### Exercise objective
Pictures are to be omitted; everything else in the data must be transcribed exactly.

### Information shown
- Opening Delimiter -

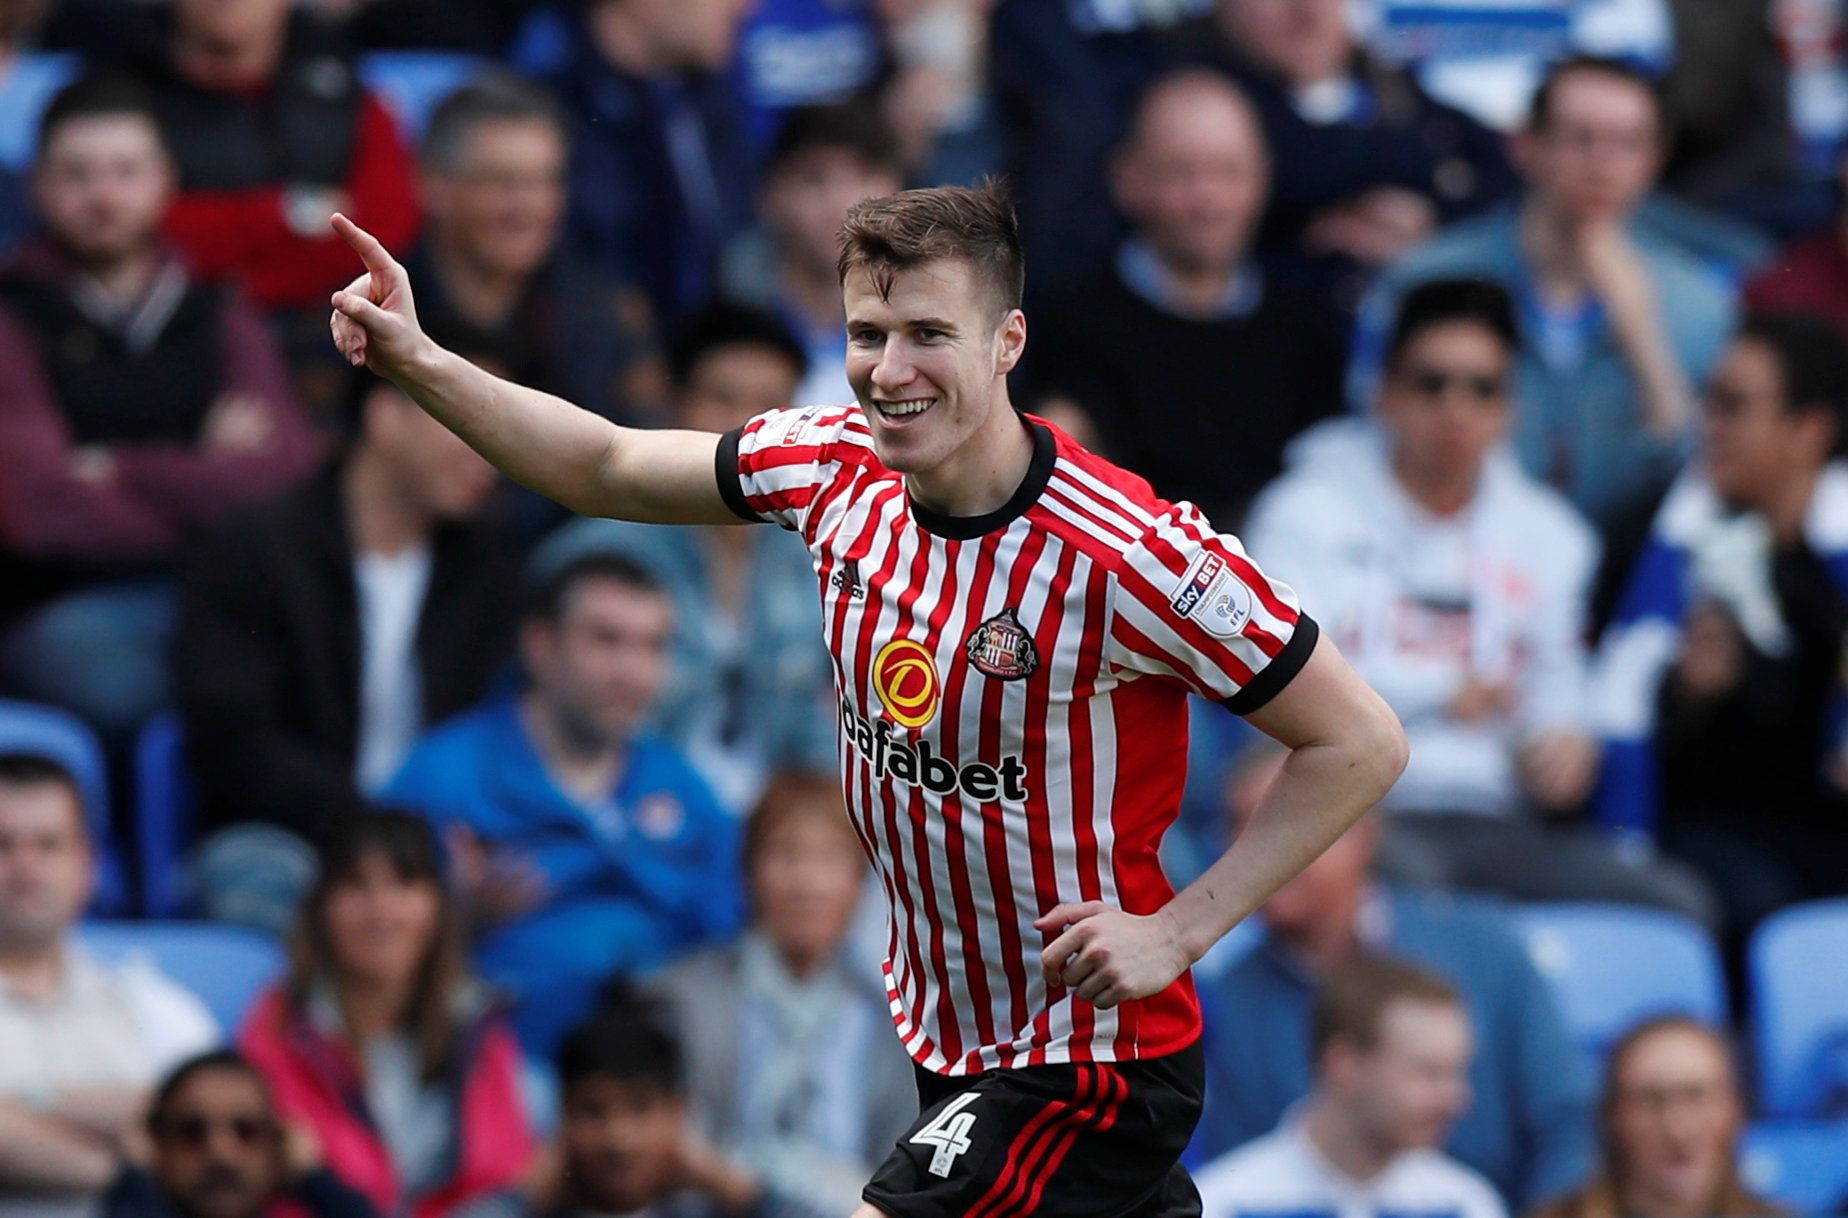 Soccer Football - Championship - Reading vs Sunderland - Madejski Stadium, Reading, Britain - April 14, 2018   Sunderland's Paddy McNair celebrates scoring their first goal   Action Images/Peter Cziborra    EDITORIAL USE ONLY. No use with unauthorized audio, video, data, fixture lists, club/league logos or 
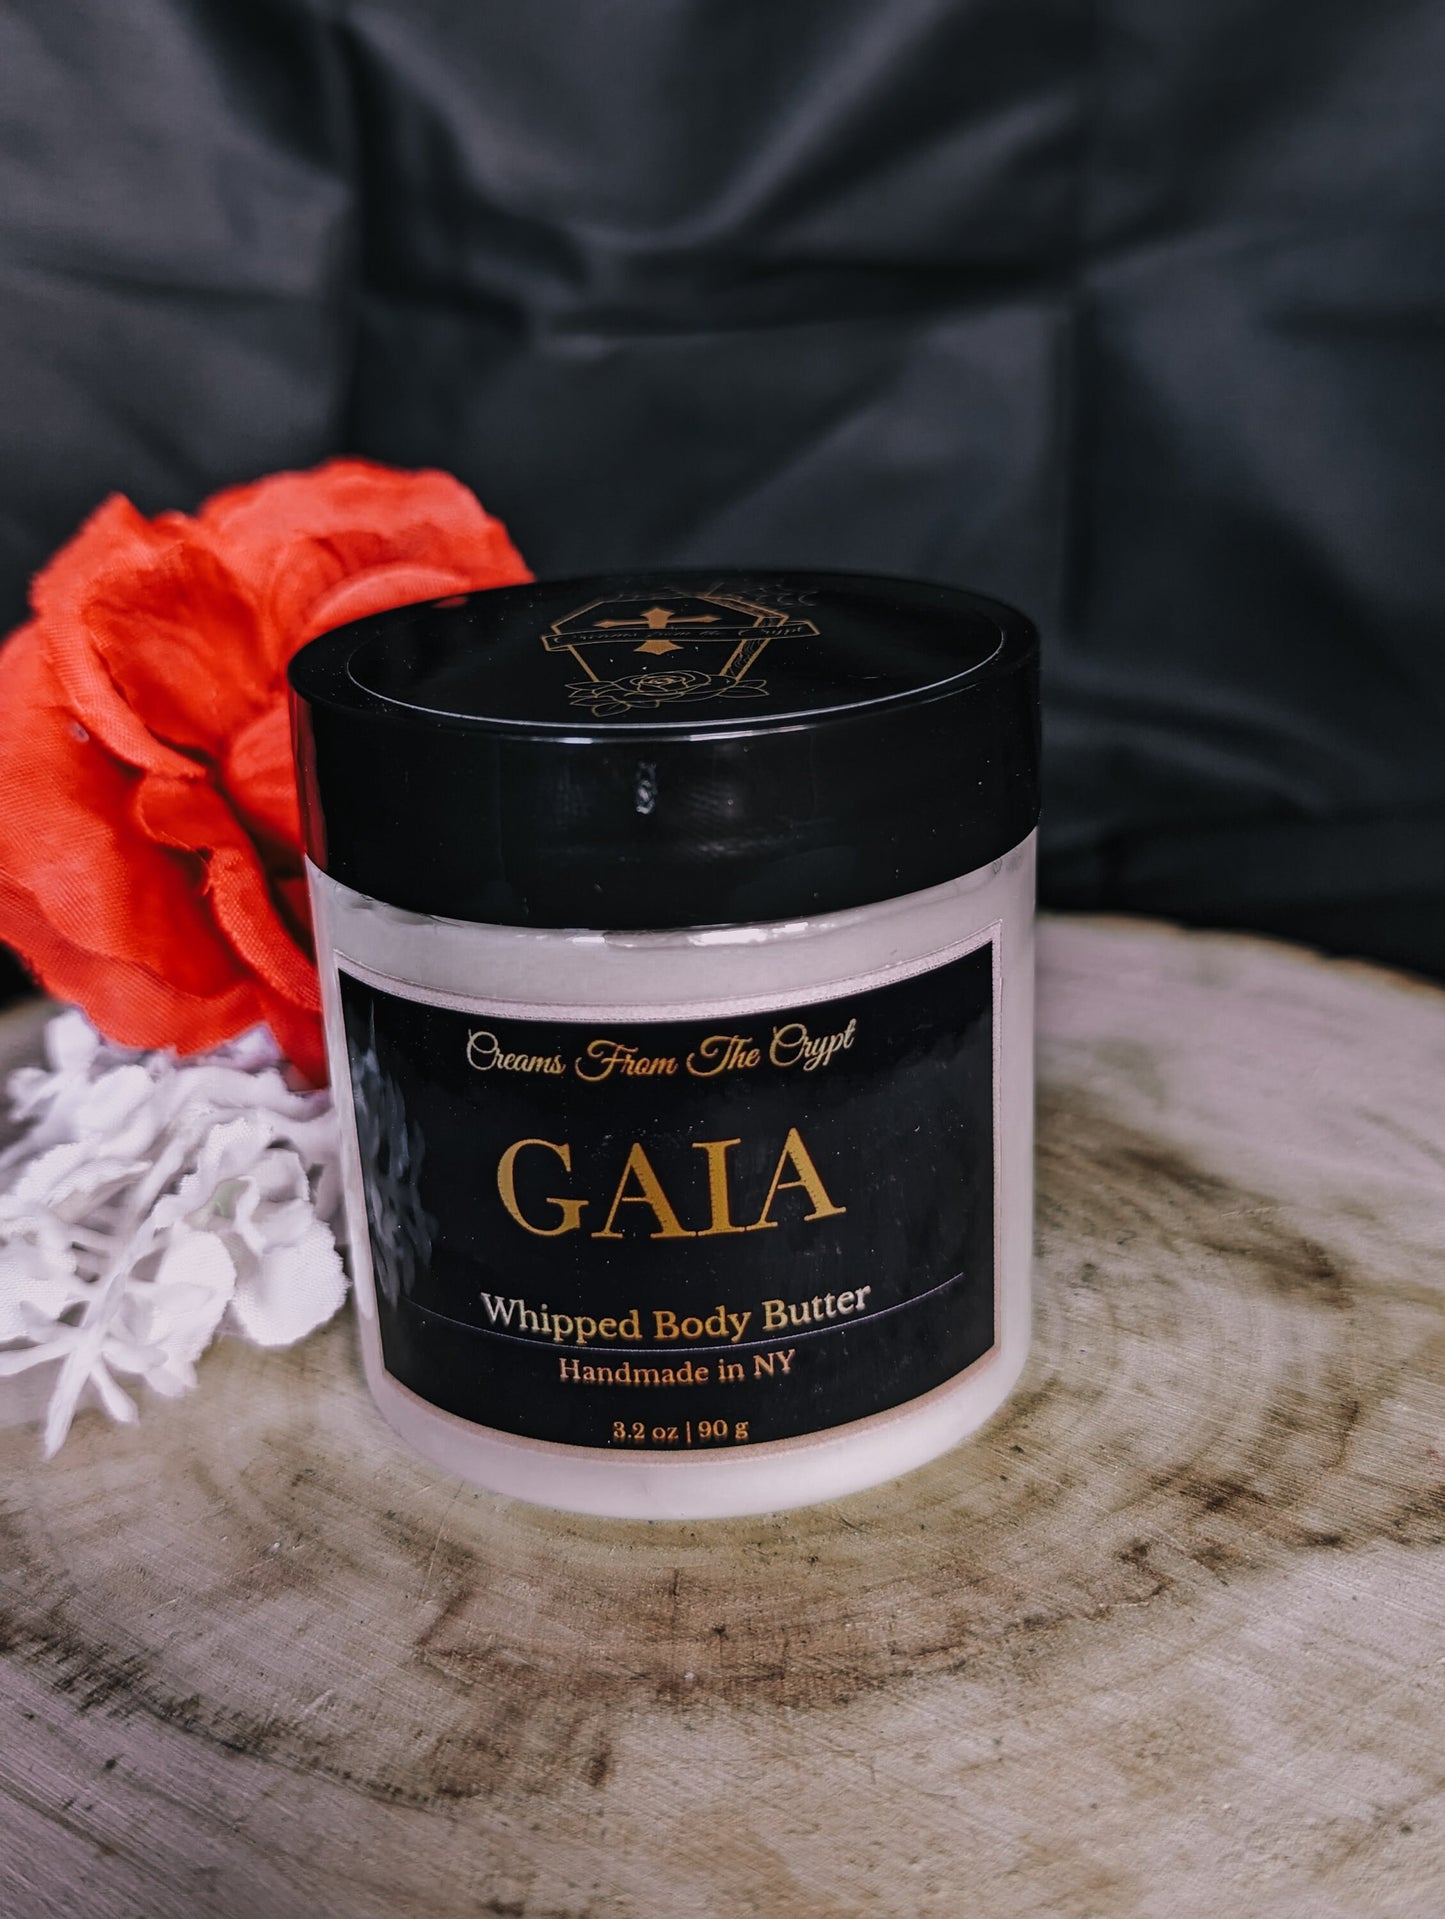 GAIA - Cherry almond scented vegan whipped body butter, shea, mango butter, moisturizer, gothic skincare, fruity fragrance, nutty
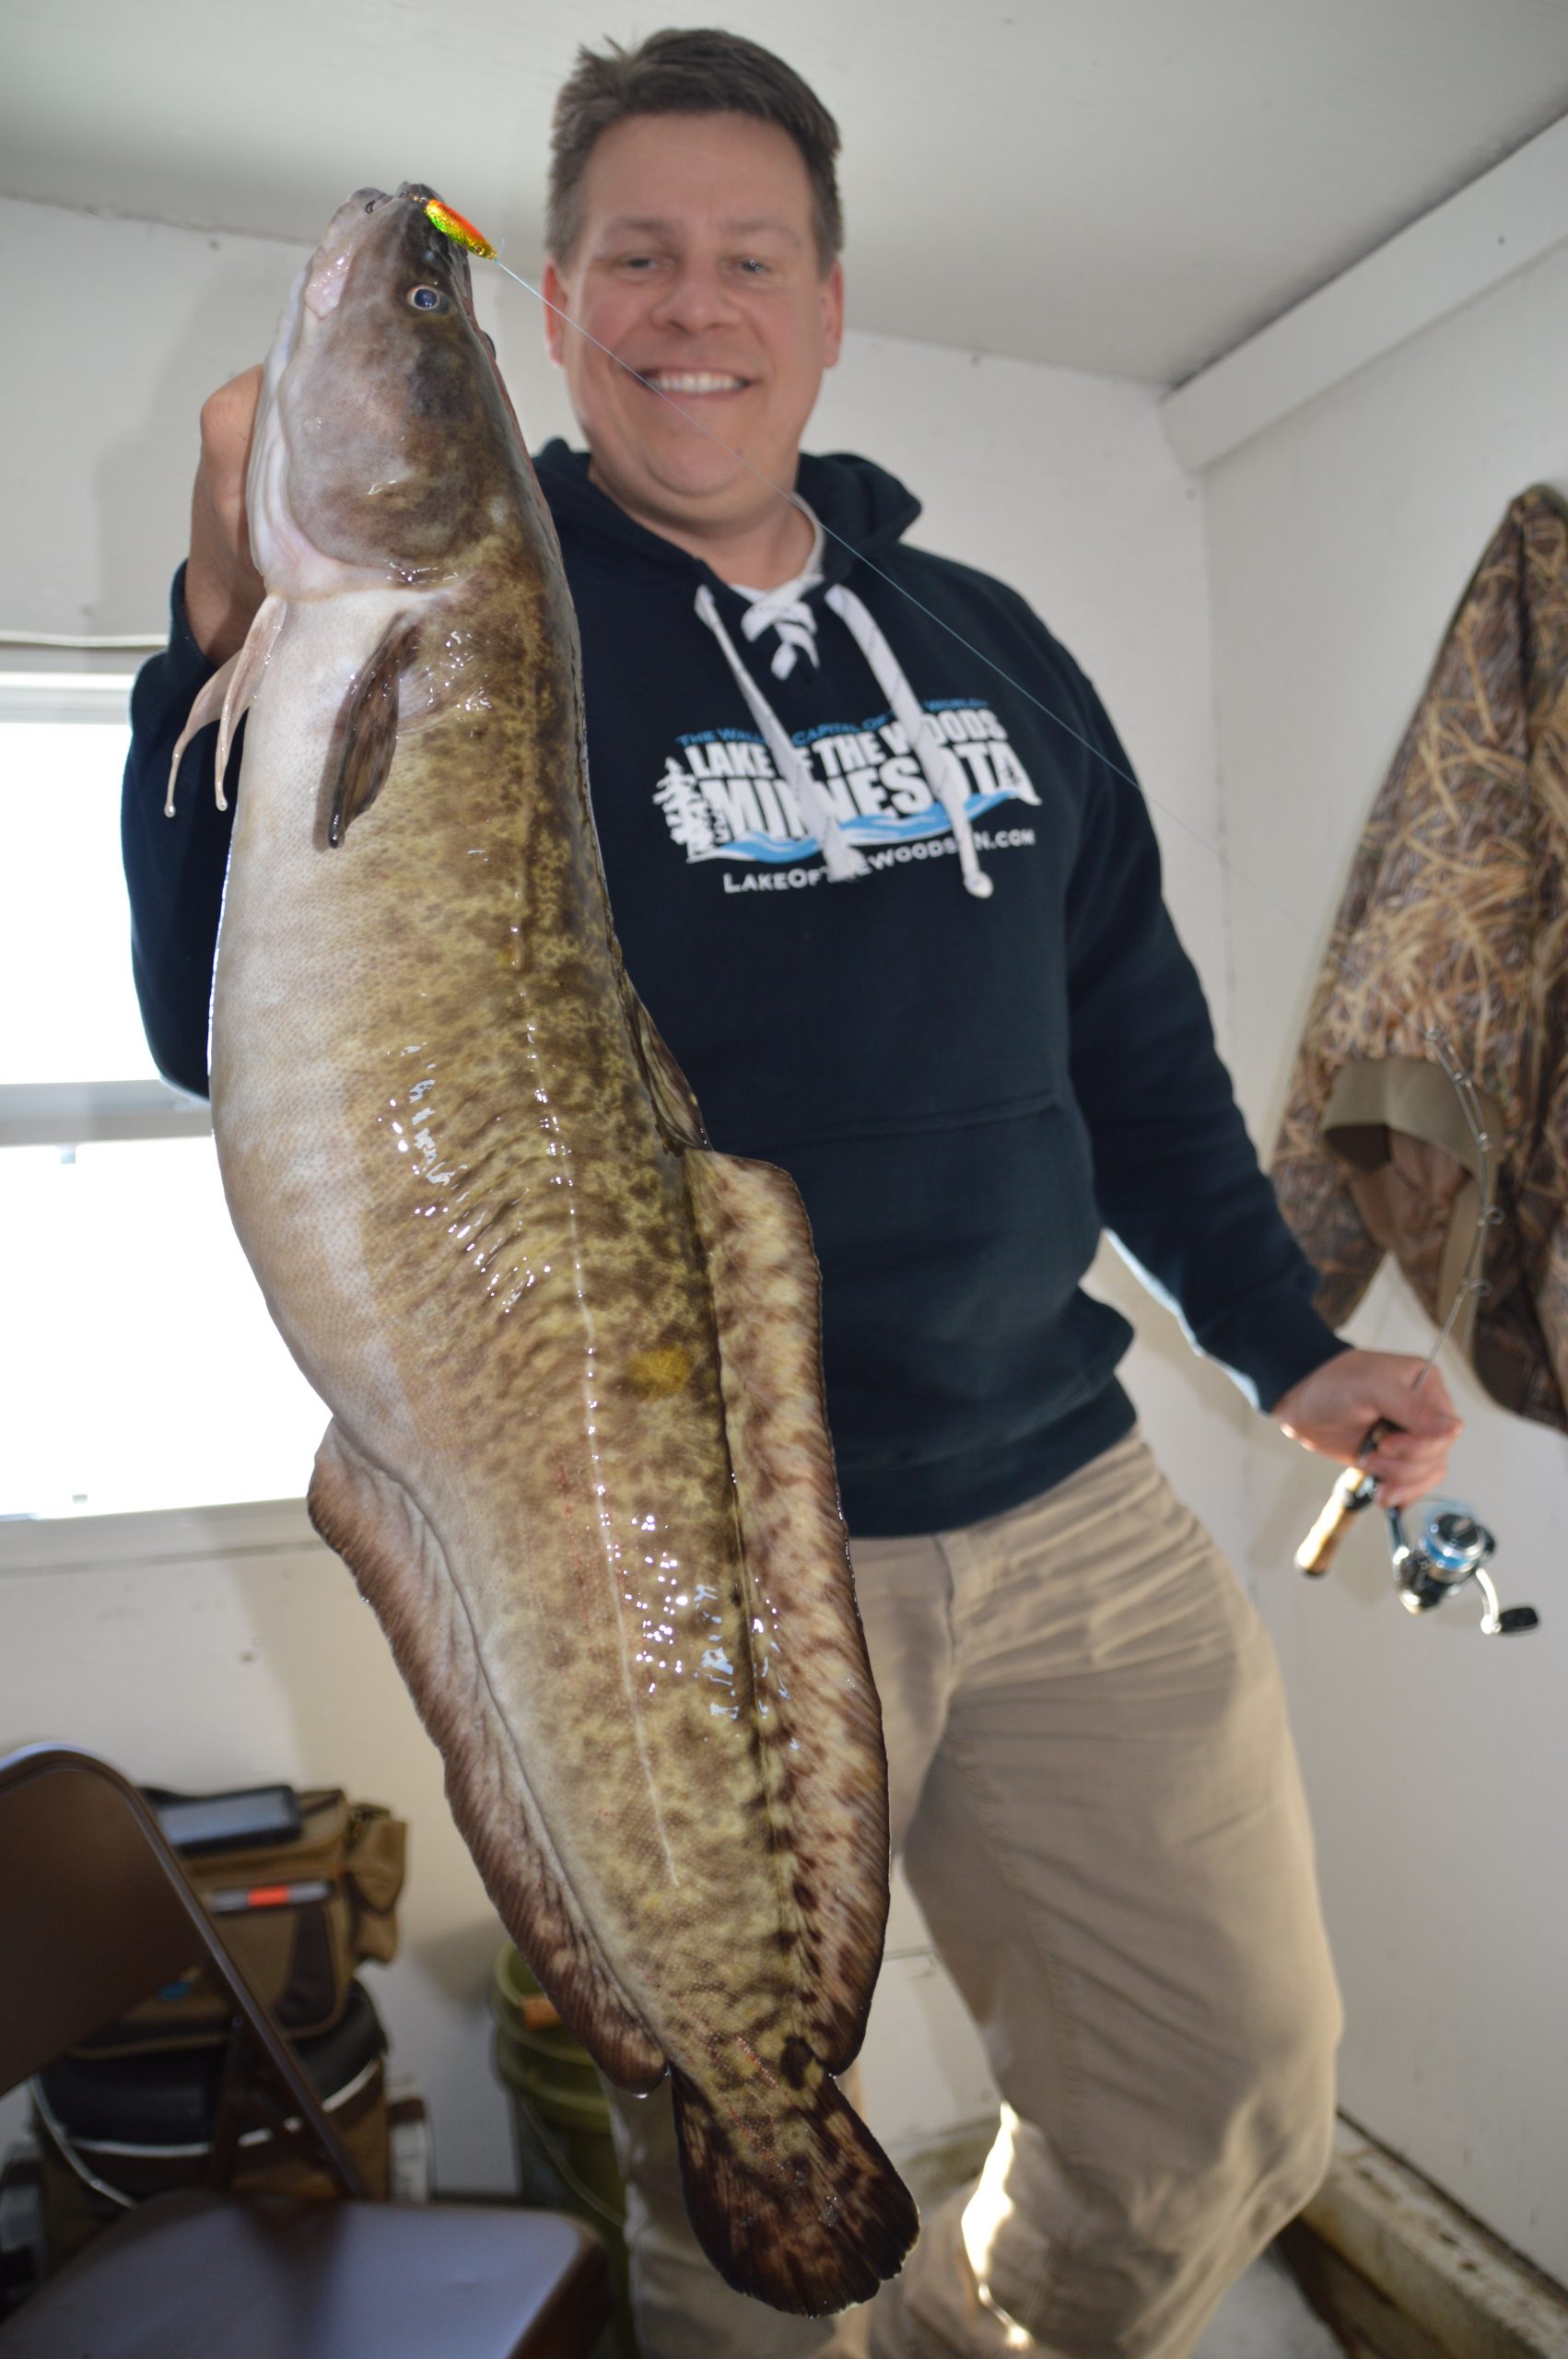 The eelpout capital of the world? Lake of the Woods is loaded with

- Closing Delimiter -

### Reply to the exercise
 Soccer Football - Championship - Reading vs Sunderland - Madejski Stadium, Reading, Britain - April 14, 2018   Sunderland's Paddy McNair celebrates scoring their first goal   Action Images/Peter Cziborra    EDITORIAL USE ONLY. No use with unauthorized audio, video, data, fixture lists, club/league logos or 
 GAIA - Cherry almond scented vegan whipped body butter, shea, mango butter, moisturizer, gothic skincare, fruity fragrance, nutty
 The eelpout capital of the world? Lake of the Woods is loaded with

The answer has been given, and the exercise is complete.